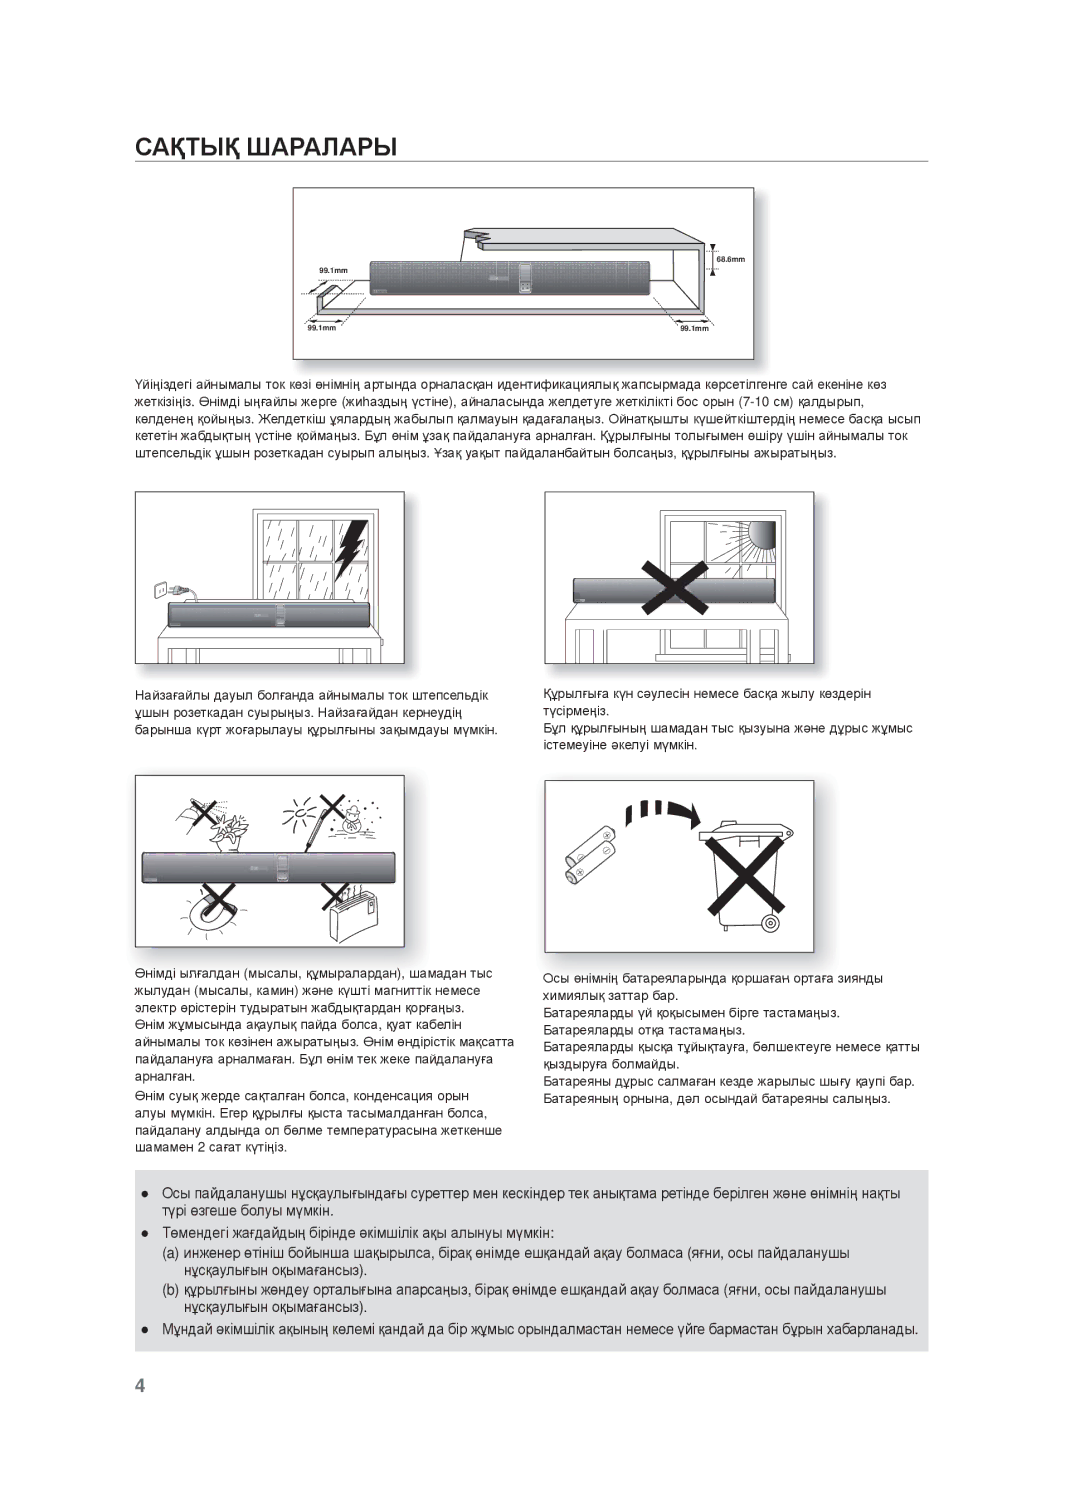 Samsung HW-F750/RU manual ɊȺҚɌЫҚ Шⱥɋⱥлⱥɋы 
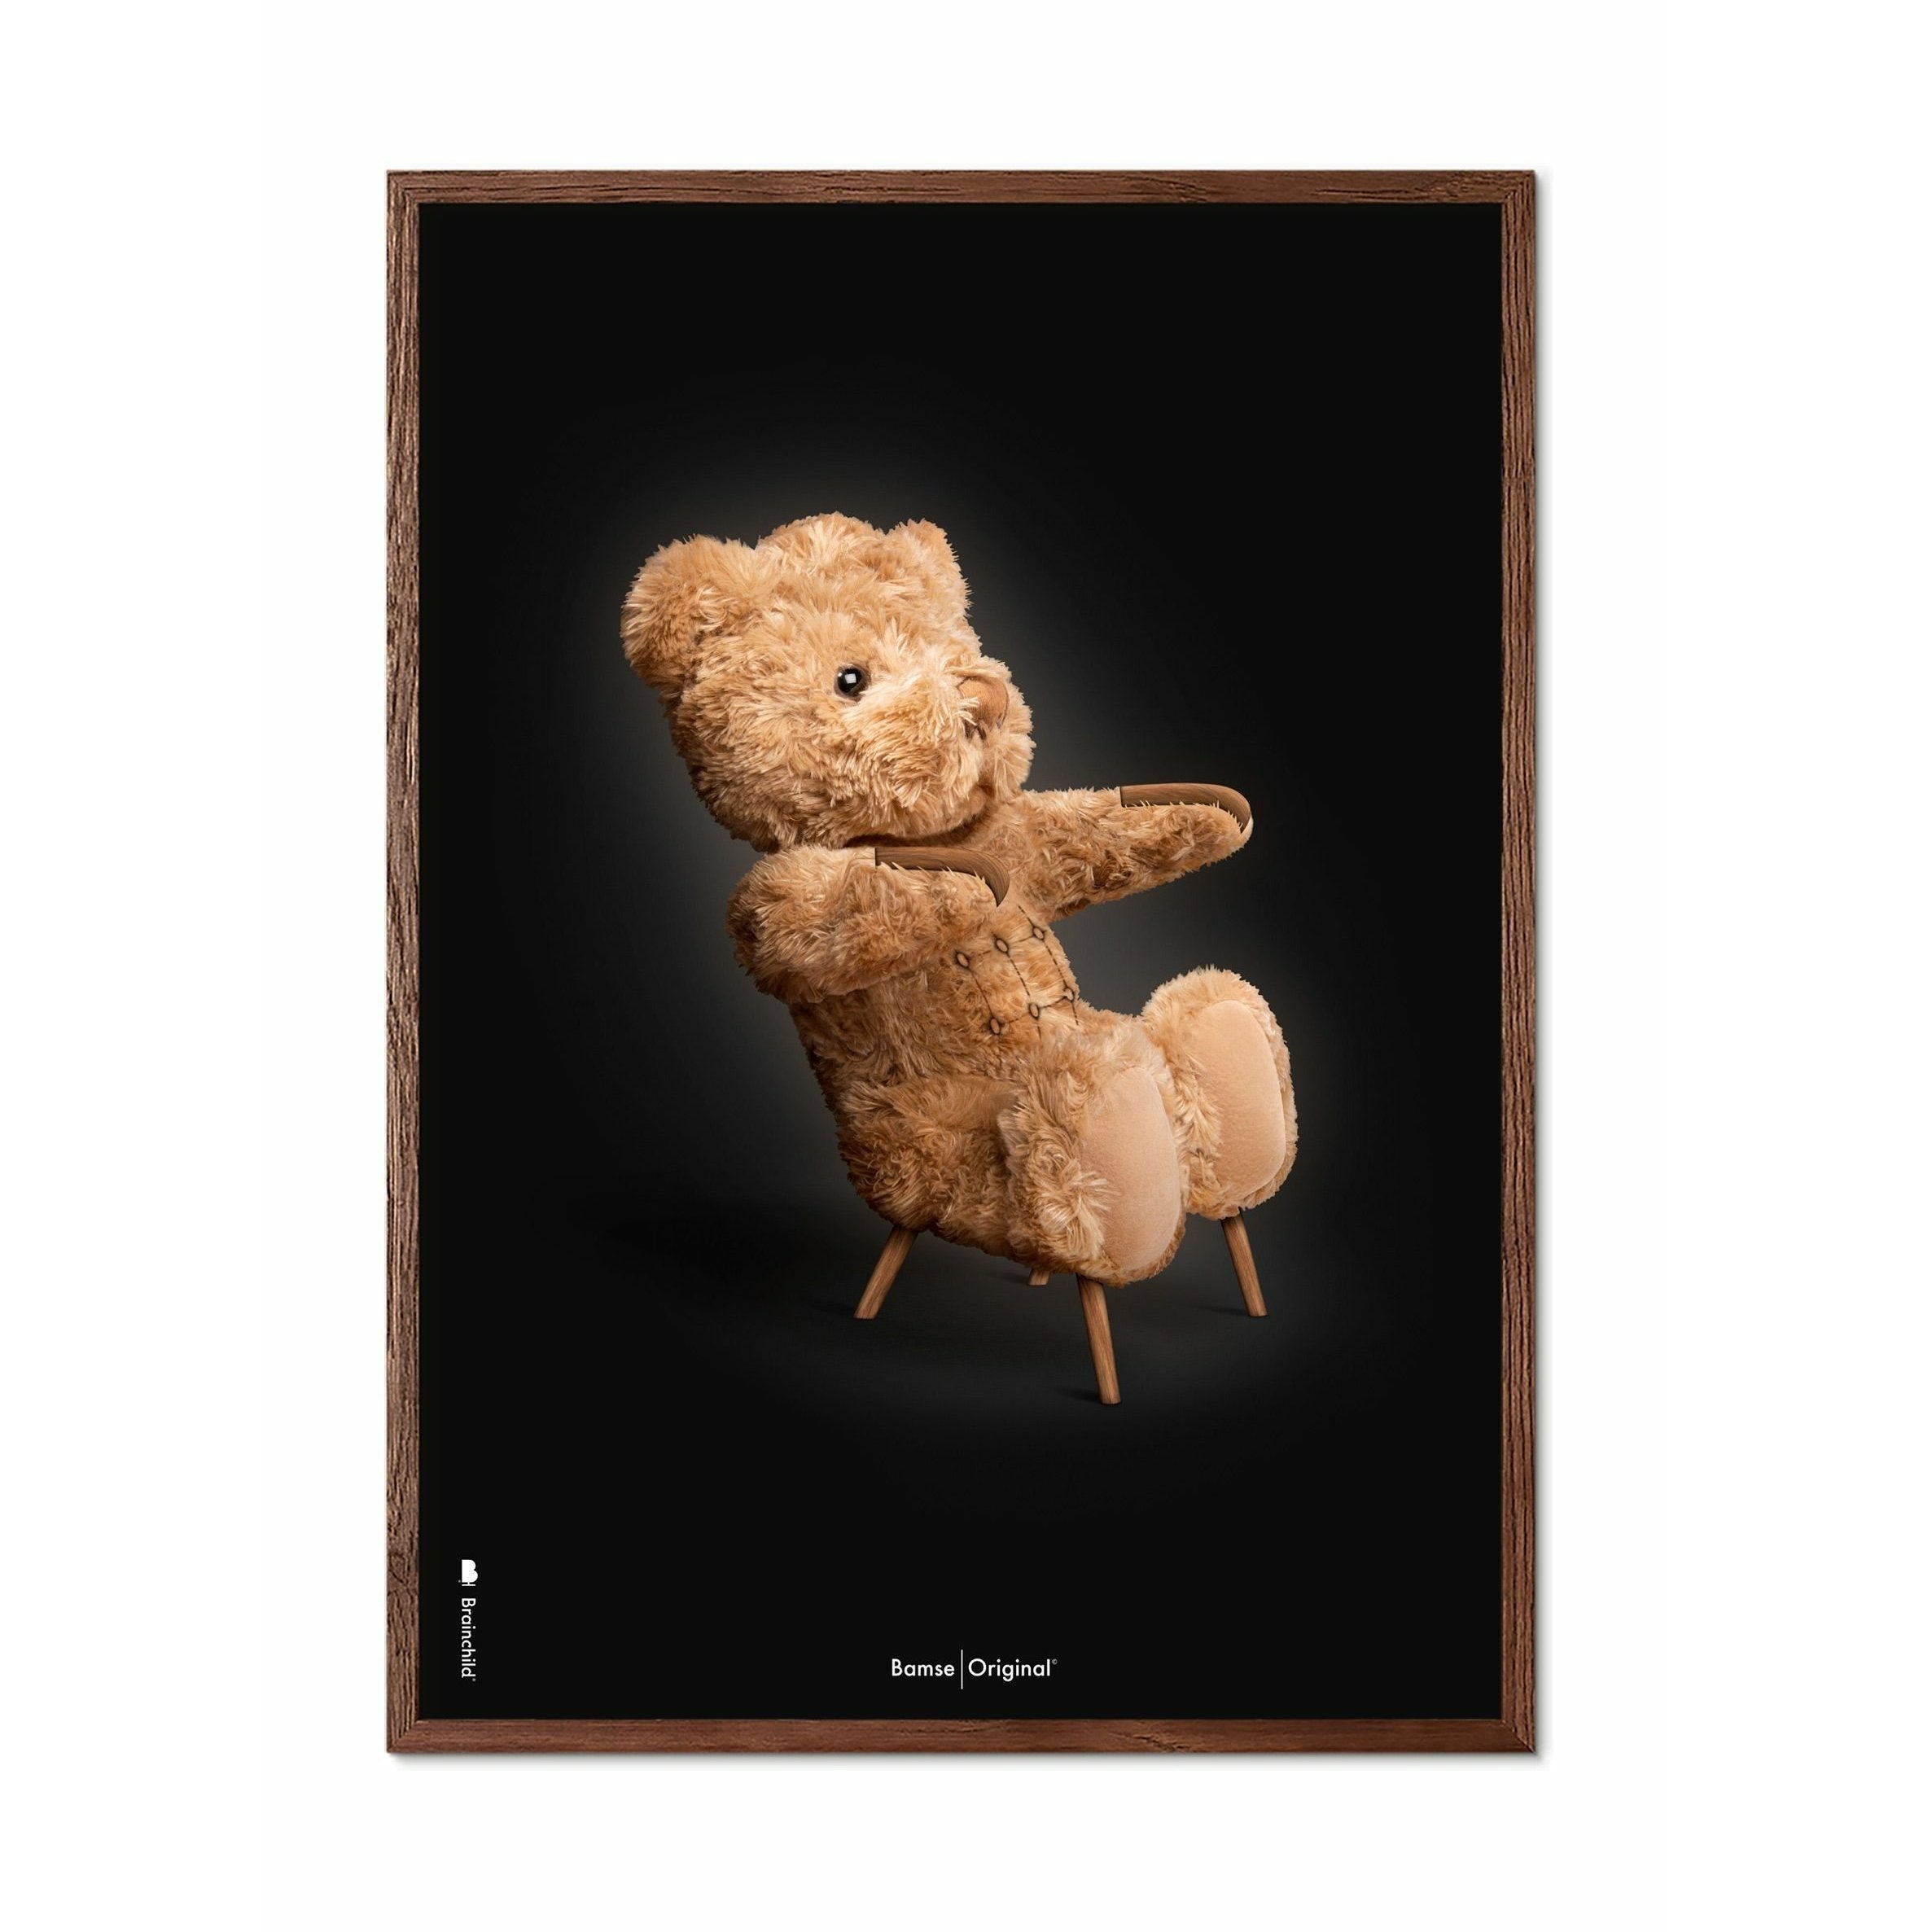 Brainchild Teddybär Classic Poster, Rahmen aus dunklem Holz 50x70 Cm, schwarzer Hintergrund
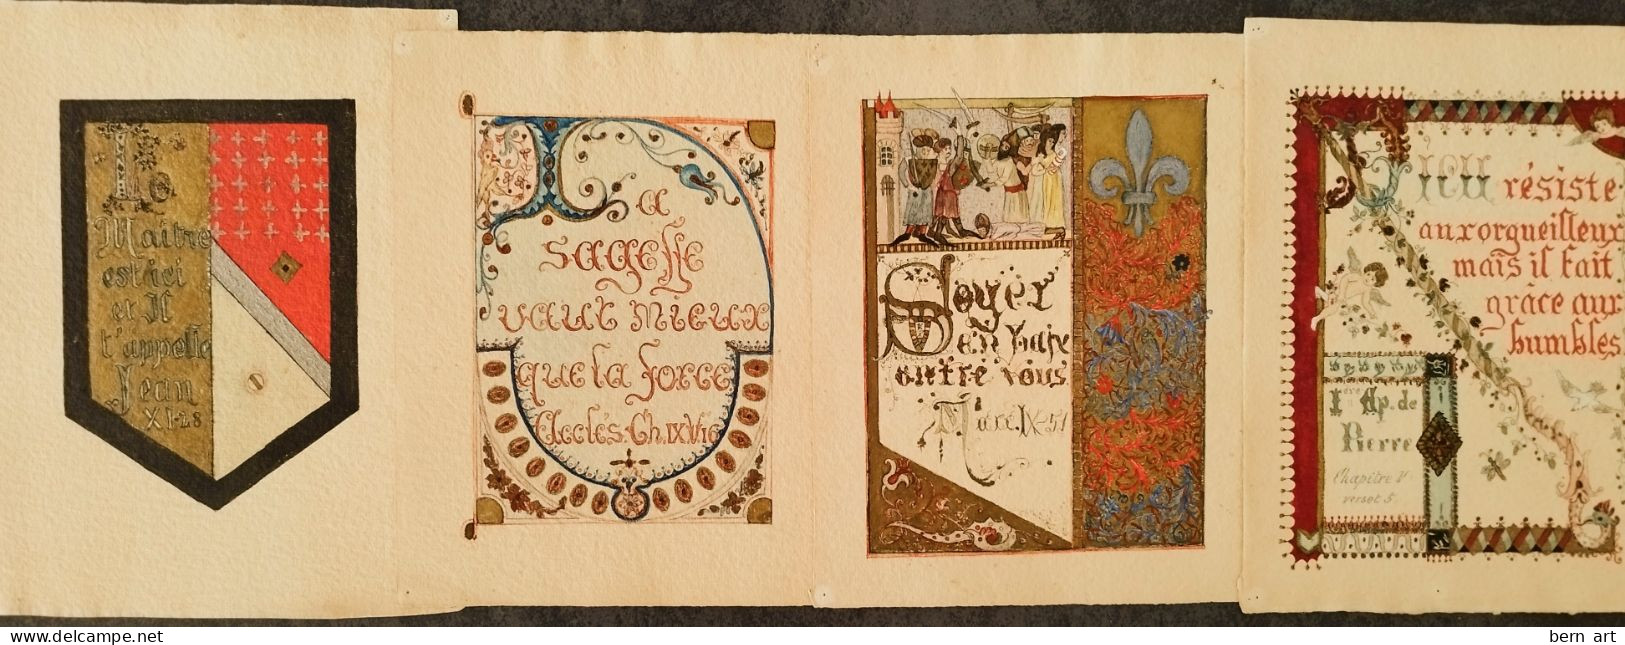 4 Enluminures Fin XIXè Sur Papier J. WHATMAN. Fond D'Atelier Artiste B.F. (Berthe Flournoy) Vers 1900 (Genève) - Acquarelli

- **Task description**
Give back the material above exactly as it appears, minus any picture.

- **Task result**
 Samsung HW-F750/RU manual ɊȺҚɌЫҚ Шⱥɋⱥлⱥɋы 
 Brainchild Teddybär Classic Poster, Rahmen aus dunklem Holz 50x70 Cm, schwarzer Hintergrund
 4 Enluminures Fin XIXè Sur Papier J. WHATMAN. Fond D'Atelier Artiste B.F. (Berthe Flournoy) Vers 1900 (Genève) - Acquarelli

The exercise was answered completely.